Overall, Central Asia received little mention in this year’s report, which focused mostly on the Arab uprisings. Kyrgyzstan is the only nation in the region that Freedom House classifies as “partly free”; the rest are all “not free.” (“A not free country is one where basic political rights are absent, and basic civil liberties are widely and systematically denied.”) The report flagged Kazakhstan as a country of concern “due to new legislation restricting public expression of religious belief and the right to form religious organizations,” and the recent police shootings of unarmed protestors in Zhanaozen: “Violent labor unrest in Kazakhstan should remind the world that repression does not in fact lead to stability.”
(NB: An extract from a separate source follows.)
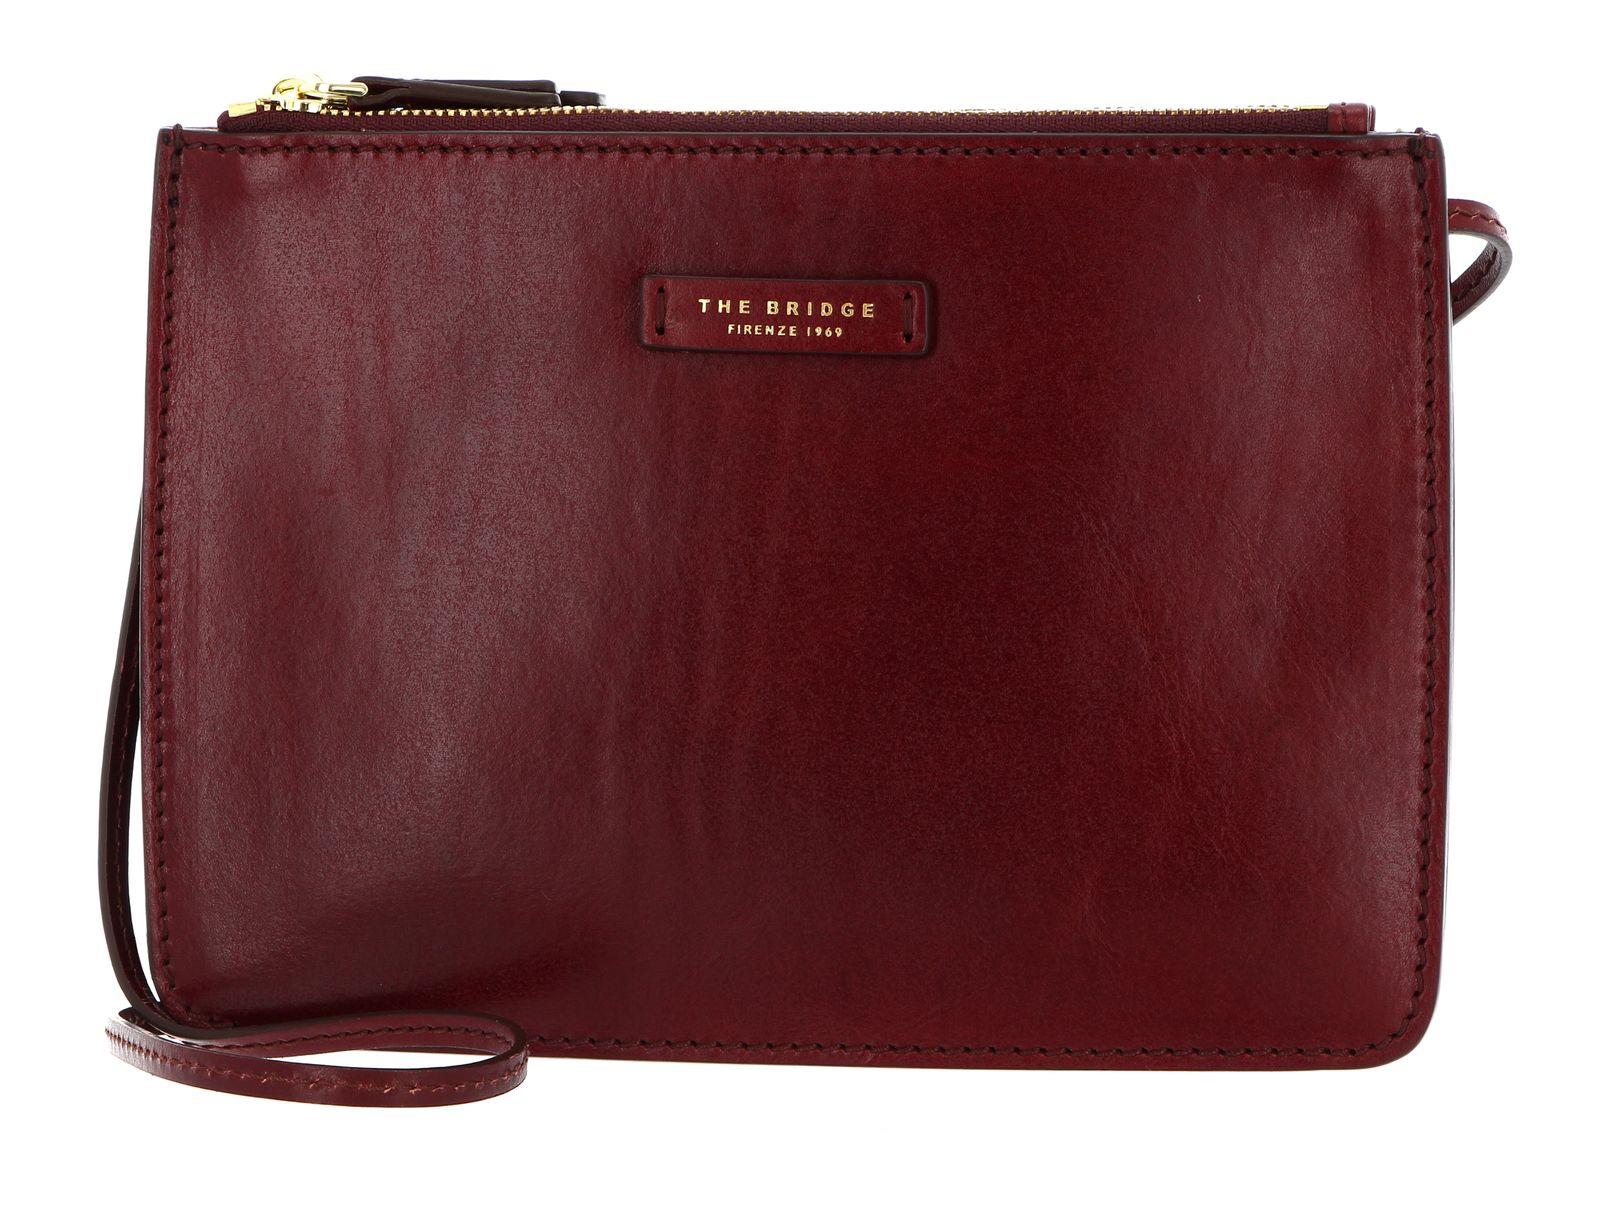 THE BRIDGE Rustici Ladie's Handbag with Zip Chianti Bordeaux / Oro

Full country reports are due out in about a month. Meanwhile, a read of last year’s Uzbekistan report suggests there will be few surprises from that “worst” country:
Uzbekistan’s government continued to suppress all political opposition and restrict independent business activity in 2010, and the few remaining civic activists and critical journalists in the country faced prosecution, fines, and lengthy prison terms. Nevertheless, the regime maintained relatively good relations with the United States and Europe as it provided logistical support for NATO operations in Afghanistan.
Sound familiar? … The 2011 Turkmenistan report promises a similar taste of déjà vu. According to the 2012 report’s authors, Central Asia is distinguished in at least one new way this year: “Whereas prior to 2011 the ‘president for life’ phenomenon was principally associated with the Middle East, it is today more likely to apply to the long-term leaders of the former Soviet Union.”